As usual I left home and started to cycle towards work weaving through traffic like a salmon swimming up a helter skelter. Which, by the way, I love doing in rush hour. I can imagine all the drivers of the cars sitting bubbling away like Cracatoa just before meltdown, white knuckles gripping the wheel, veins on foreheads pulsing like a challenger space shuttle warning light just before the explosion, tempers being pushed to the limits as the guy in the car nearest the traffic lights doesn’t see the light has changed to green and suddenly realises that it’s green and crawls forward as though he’s driving the queen mothers hearse.

When I streak past with ease I can almost hear the thoughts of them all in their metal coffins “look at that smug cunt, sliding through traffic as though he hasn’t a care in the world. I hope he gets run over by a bus. Maybe I'll see him again and I can chase him down like a fox being hunted by a pack of hounds”.

Anyway, that’s straying from the point of the story and going for a wander in my sick, sordid, flea pit of a mind, so I'll let it lie. For now anyways.

As I wound my way towards Balgreen school I passed a bus full of people sitting trying to pretend that they don’t mind sharing a seat with someone who has fallen asleep upon their shoulder and is covering them with drool.

I gave it a passing glance and seen that the passengers all had that same look as the drivers of the cars, that far away look of lunatics all over the world, the glassy eyed look of someone about to snap and scream at a dozing passenger
“WAKE UP YA WANKER!!! AND STOP FUCKING DRIBBLING LIKE YOU’RE CHRISTOPHER FUCKING REEVES AT AN ELECTRIC WHEELCHAIR SHOWROOM!!!”.
I rounded the corner and headed onto Balgreen road but the traffic was too thick to negate at a suitable speed to induce fury in everyone in a vehicle so I cut across the front of oncoming traffic and jumped onto the pavement dodging my way through all the baby boomers taking the kids to school.

As I approached the entrance to Saughton park at high speed I realised too late that I was about to leave the pavement, go across the car park entrance, and meet with the raised pavement on the other side.

“not to worry” I thought as I dropped from one kerb onto the car park entrance “I have brakes”.

psychic ability isn’t something I'd ever thought about very much but after what happened next I'm sure that all the psychic energy of the people that I had passed was concentrated upon me and my brakes.

I pulled upon the brake lever and nothing happened.

I tried to pull up the front wheel but only succeeded in raising it about an inch of the ground.

suddenly I found the world going upside down in slow motion.

I hit the pavement hard and heavy and landed with all my weight upon my left arm.

from the corner of my eye I noticed to my horror that I had performed my gracious dismount right in front of a packed bus.

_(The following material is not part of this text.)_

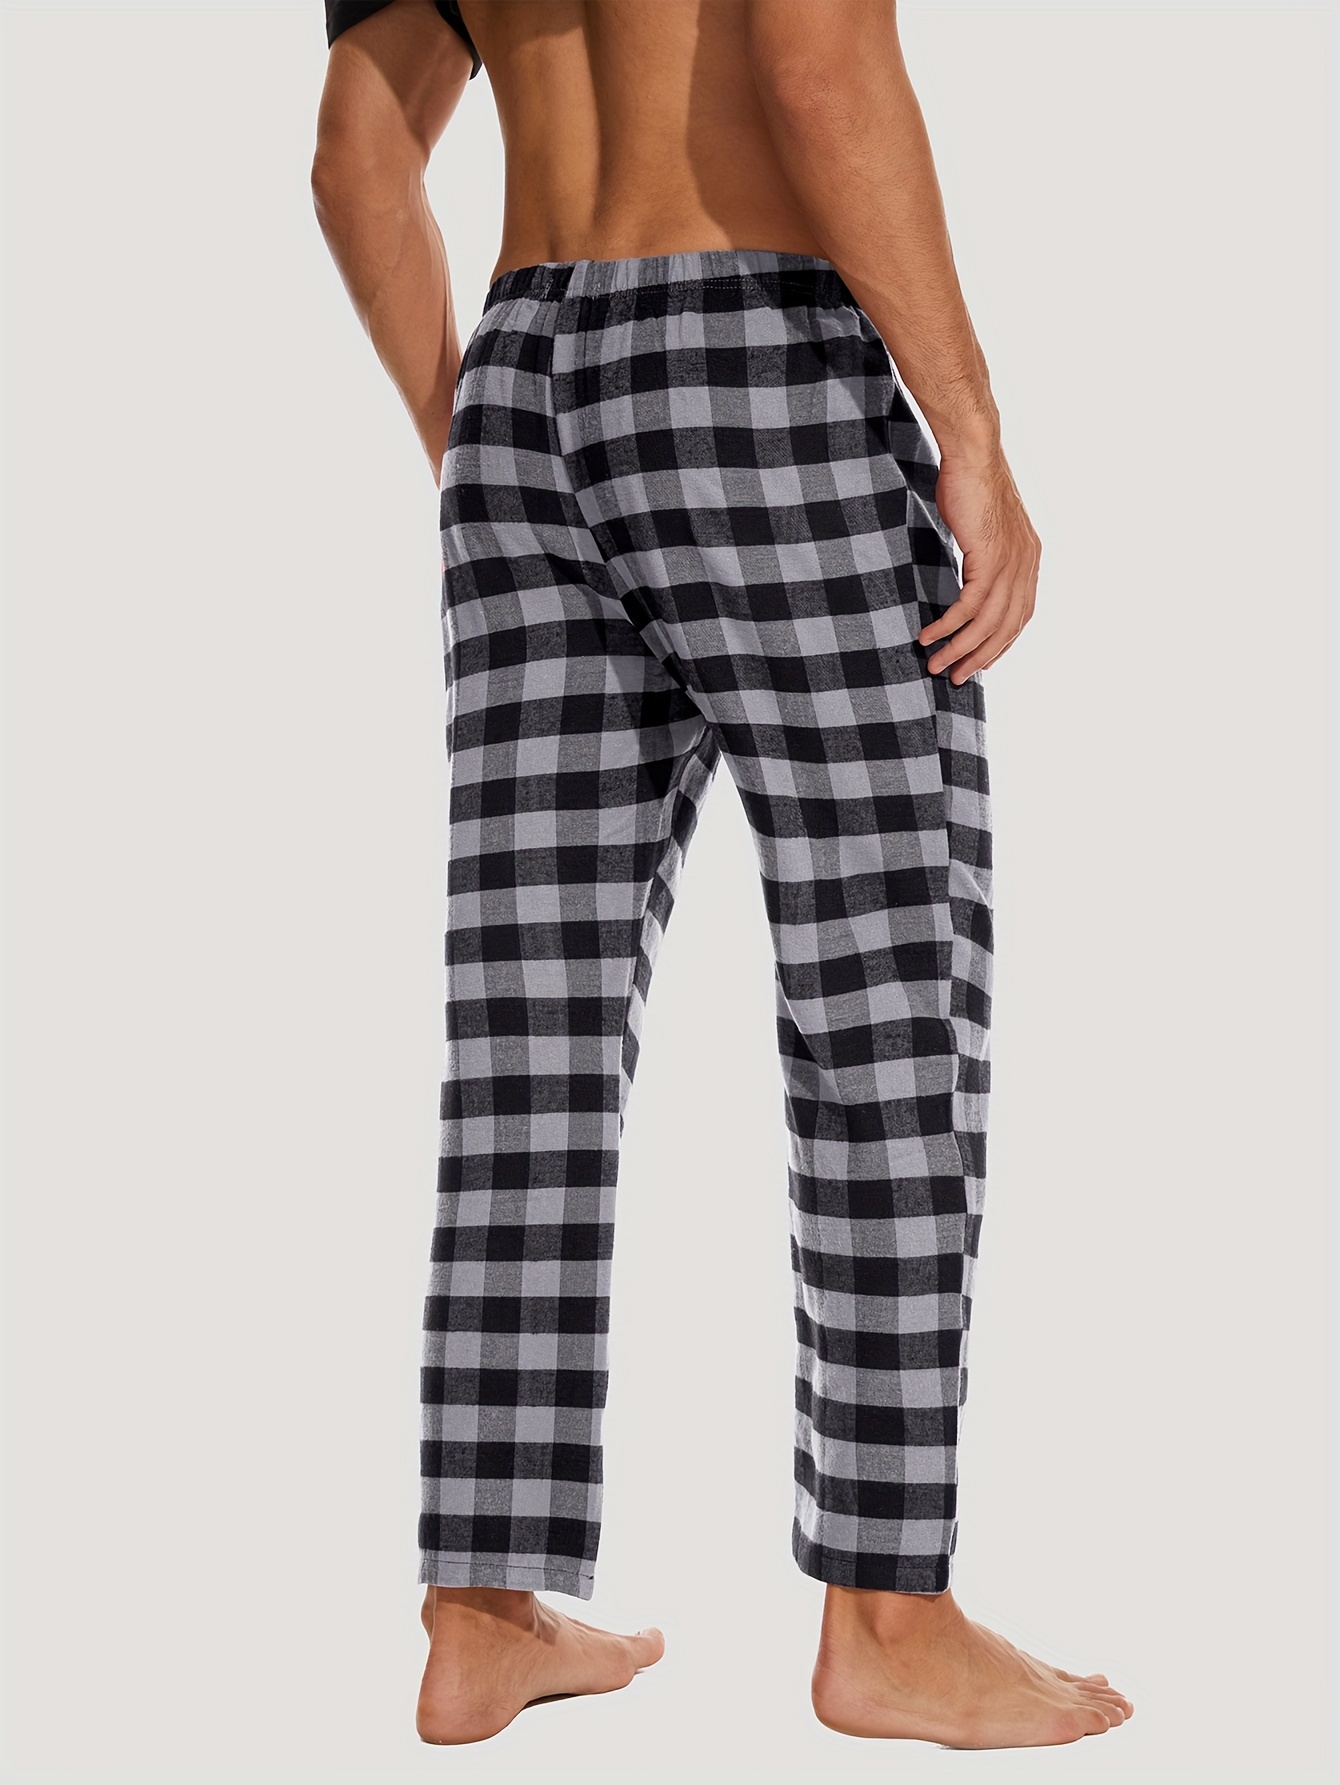 Men's Pajama Pants Black Red Lumberjack Plaid Lounge Trousers Bottoms  Sleepwear PJs, S : Clothing, Shoes & Jewelry

I wished and hoped that a hole would open in the ground so I could drop into it and never again emerge into sunshine.

spending the rest of my natural in my own personal purgatory speaking no word coherent enough to be called rational and squawking like a demented chimpanzee at anyone unfortunate to try to assist me looked, at the time, to be preferable to how I felt at that moment.